# White Oak Dining Table



## Joeymds (Jan 5, 2018)

Hi, I am building a table and want to make Sure I allow for wood movement as I design it.

I am Using 8/4 white oak for the table top. It will be 40" wide by 80" long.

In my attached picture I have three braces I was going to mortise in to the bottom of the table to keep all the boards straight over time.

My issue I'm running into is how to attach the legs to the tabletop to allow for movement. I don't want to just use the rockler tabletop wing brackets because I feel like I will need more support with such a heavy tabletop and also do not have any aprons to attach them to. If I just screw lags into bottom from leg braces will that prevent expansion? I have been searching everywhere to try to figure this out any help is appreciated.
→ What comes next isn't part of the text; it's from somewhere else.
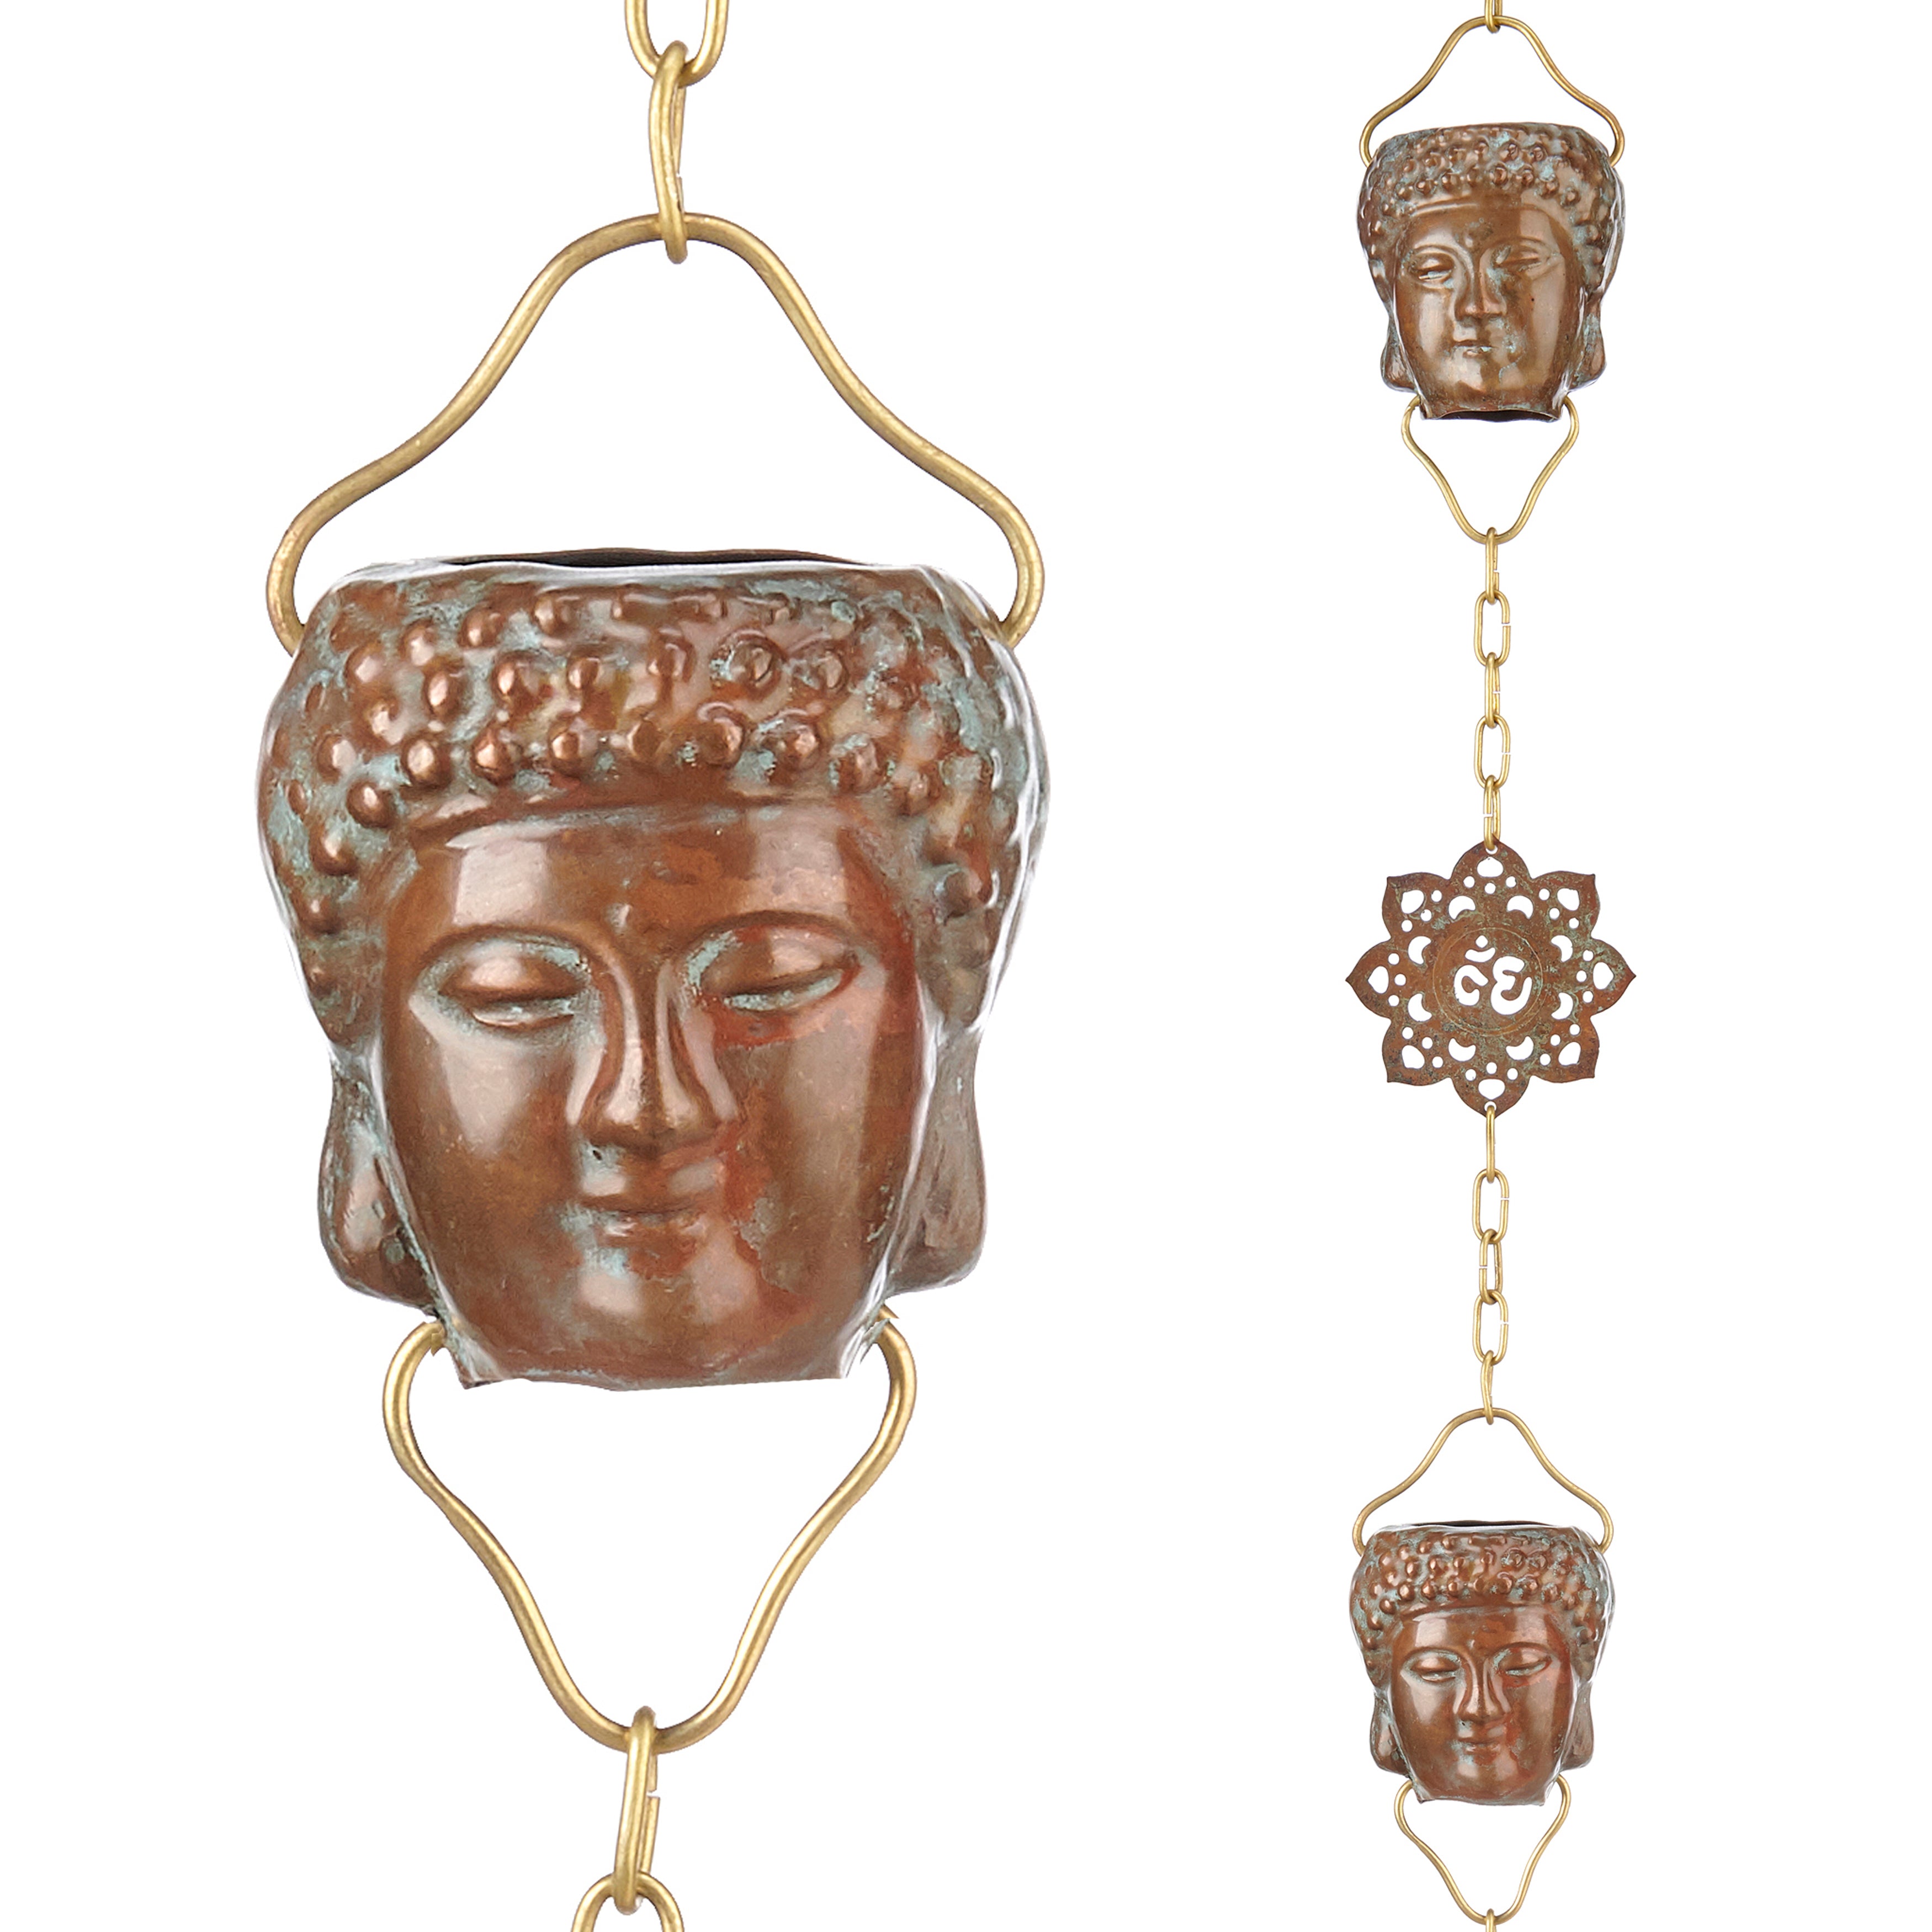 Antiqued Buddha Head Rain Chain - 8.5 ft., with 12 Large Figures

Thank you!


----------



## jerryminer (Jun 15, 2014)

I'm not totally clear on your leg structure, but , in general, yes, you can drive lags or screws up into the top as long as those screws are in slotted holes that allow for wood movement.


----------



## LittleShaver (Sep 14, 2016)

Here is how I handled a similar build.
There is a tapered sliding dovetail that runs the full width of the top. Seems to be holding up well so far. It's been in use for about 7 years now.


----------



## bondogaposis (Dec 18, 2011)

If I just screw lags into bottom from leg braces will that prevent expansion?
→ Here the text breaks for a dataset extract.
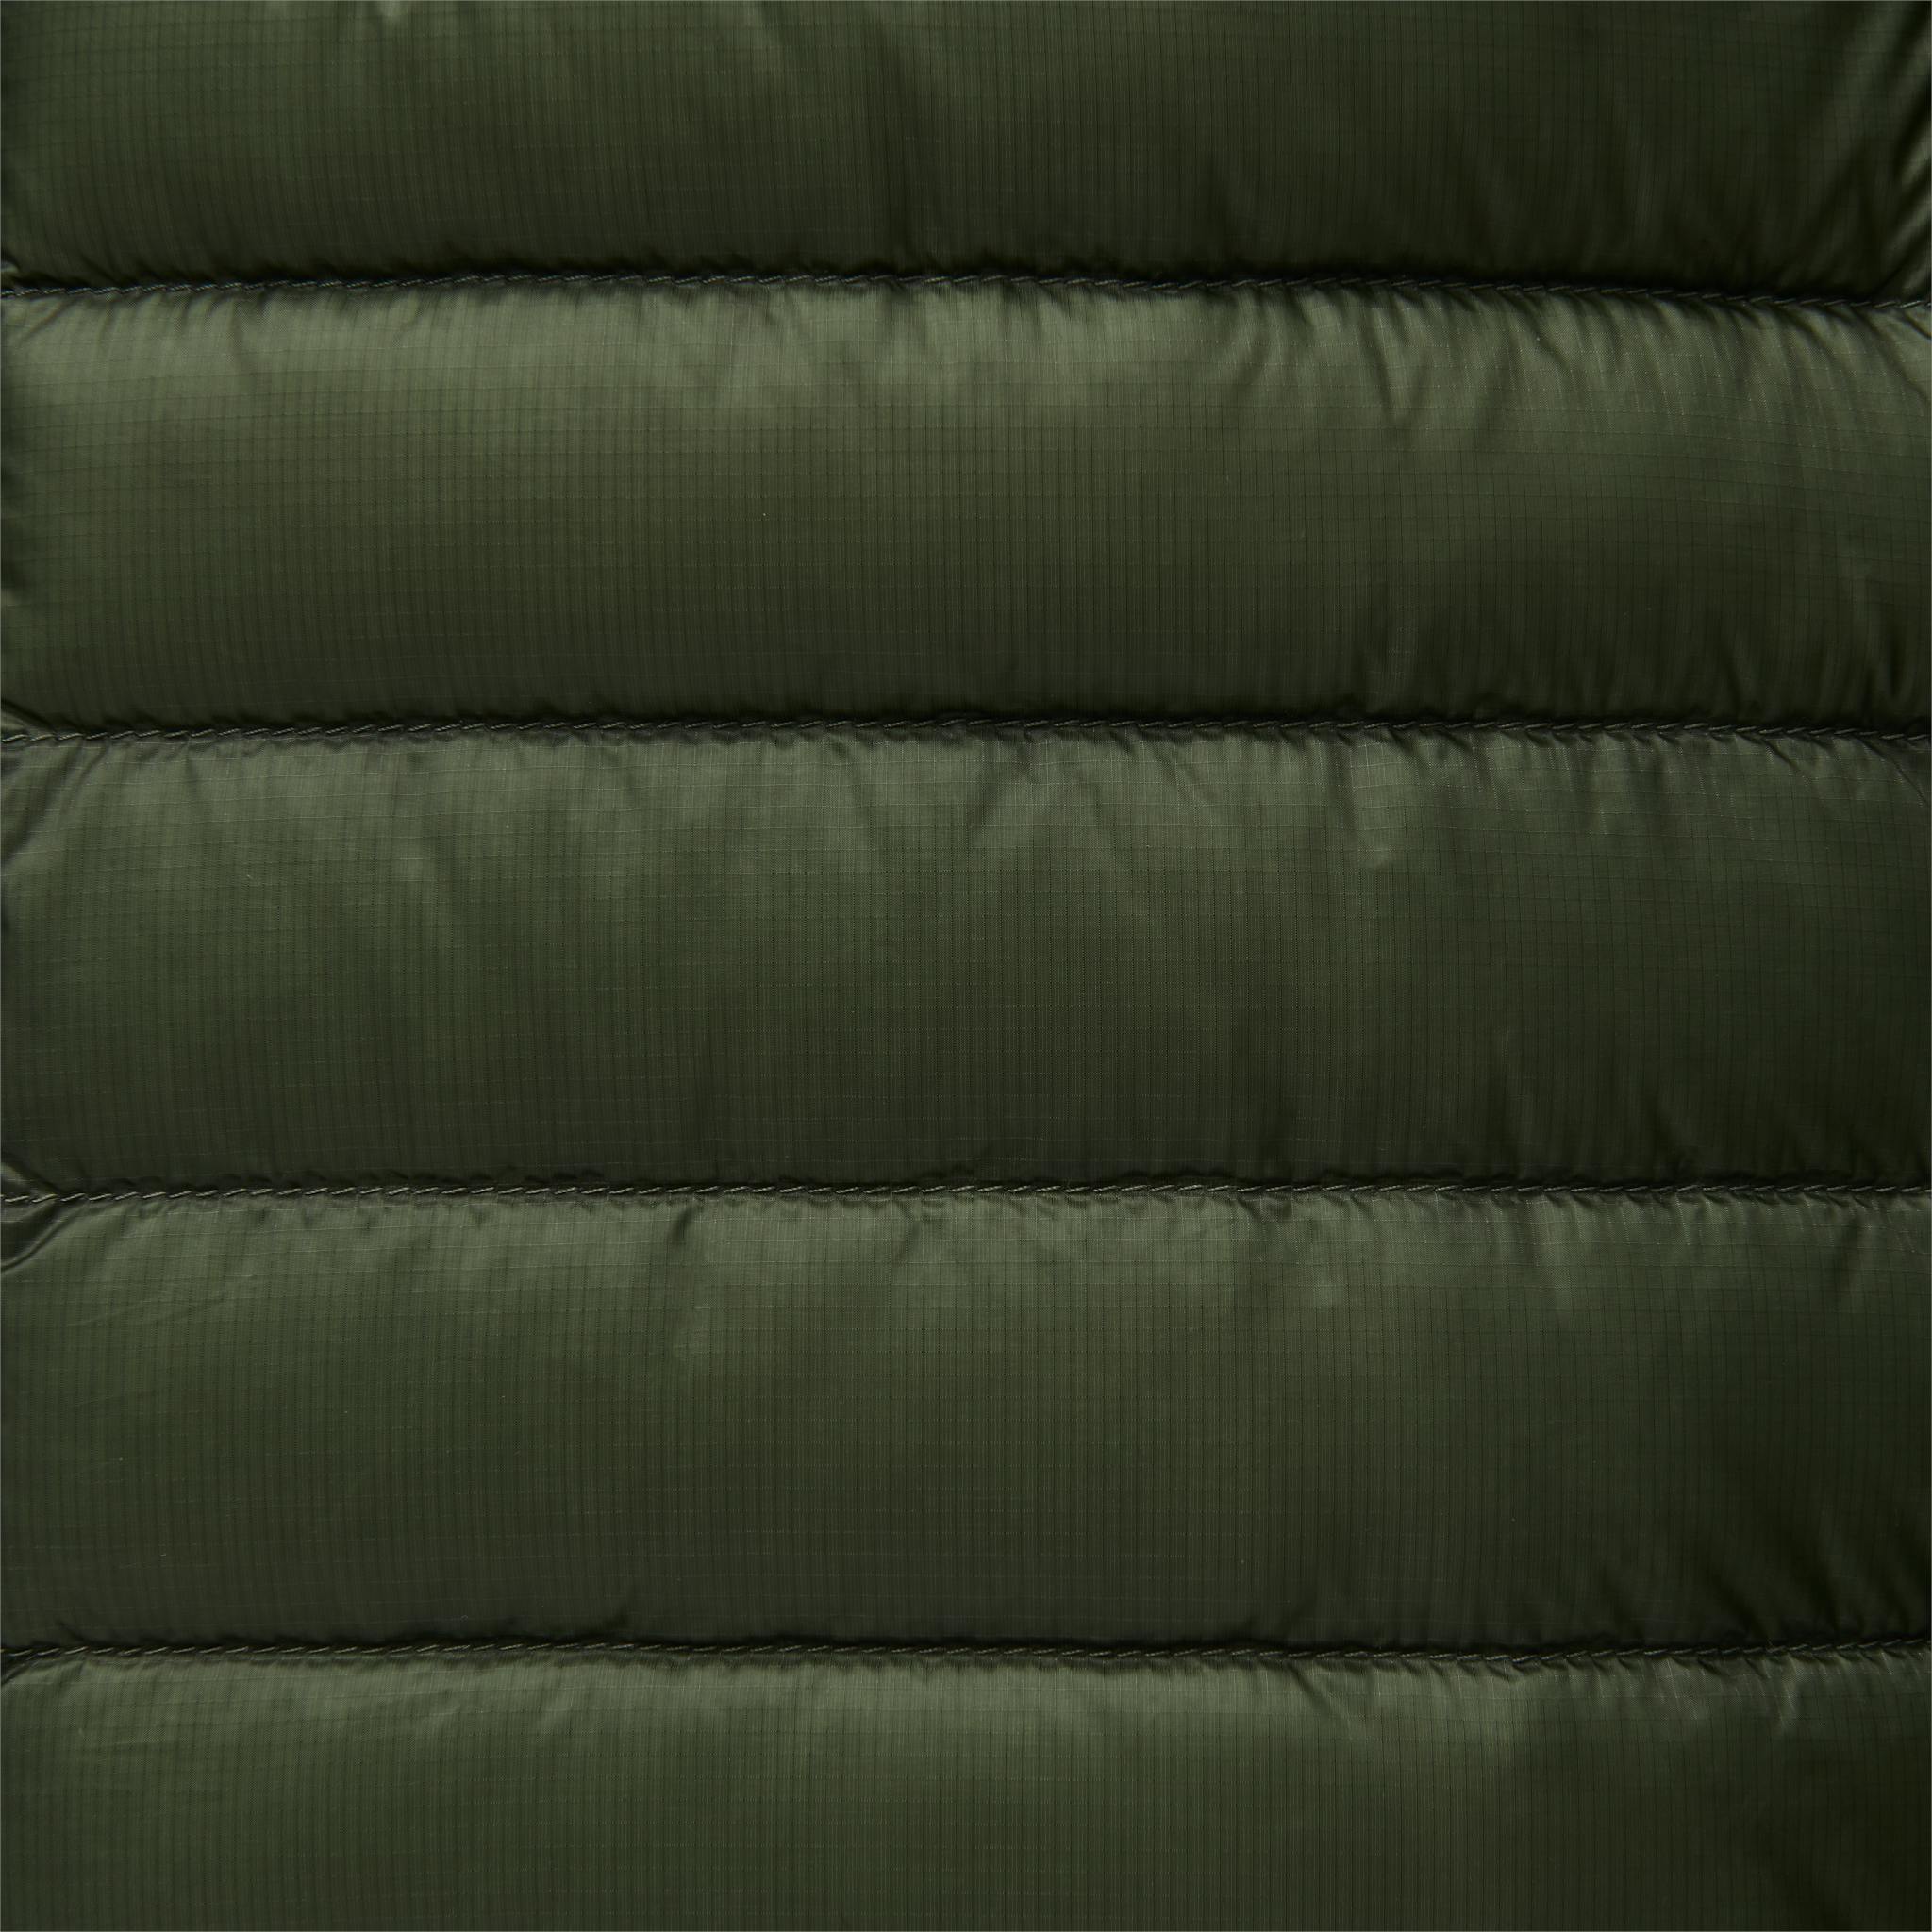 800-fill, RDS-certified Allied HyperDRY™ goose down insulation

You can't prevent expansion, you have to allow for it. If you use slotted holes in the cross braces then the top can move freely and that will be fine.


----------



## Tabletop (May 9, 2016)

Bondo is correct. Lag bolts with slotted, or oversized holes will work. Also for a table that size why put the brackets. 8/4 oak over a 7 ft span with legs spaced from end like the picture will be more than adequate. I've built a 20' x 48" 8/4 walnut conference table that had 4 legs similar to those pictured with no support brackets. It's been used for about 15 yrs and still looks great.


----------



## Joeymds (Jan 5, 2018)

The Other pictures are of how I want to do the legs. The drawn out paper part is the base the table top will rest on. Where do you think I should put the lags through for the tabletop? And do you think I should use the same wood for the legs?


----------



## jerryminer (Jun 15, 2014)

> I m not totally clear on your leg structure, but , in general, yes, you can drive lags or screws up into the top as long as those screws are in slotted holes that allow for wood movement.
> 
> - jerryminer


I mis-read the question. Bondo is right, you will not *prevent* wood movement. You need to *allow* for it.

I would lay out the screw pattern something like this:









Center holes are not slotted, which will keep the top centered on the base. Other holes are slotted.
I also think the let-in steel braces are over-kill. 8/4 cross braces should be enough to keep the top flat.


----------



## Joeymds (Jan 5, 2018)

Ok that's great info thanks. First table I've built and I just looked how restoration hardware and other manufacturers made them and they had those braces and I just wanted to do it right so it lasts but if you think it's overkill than I would rather not do them!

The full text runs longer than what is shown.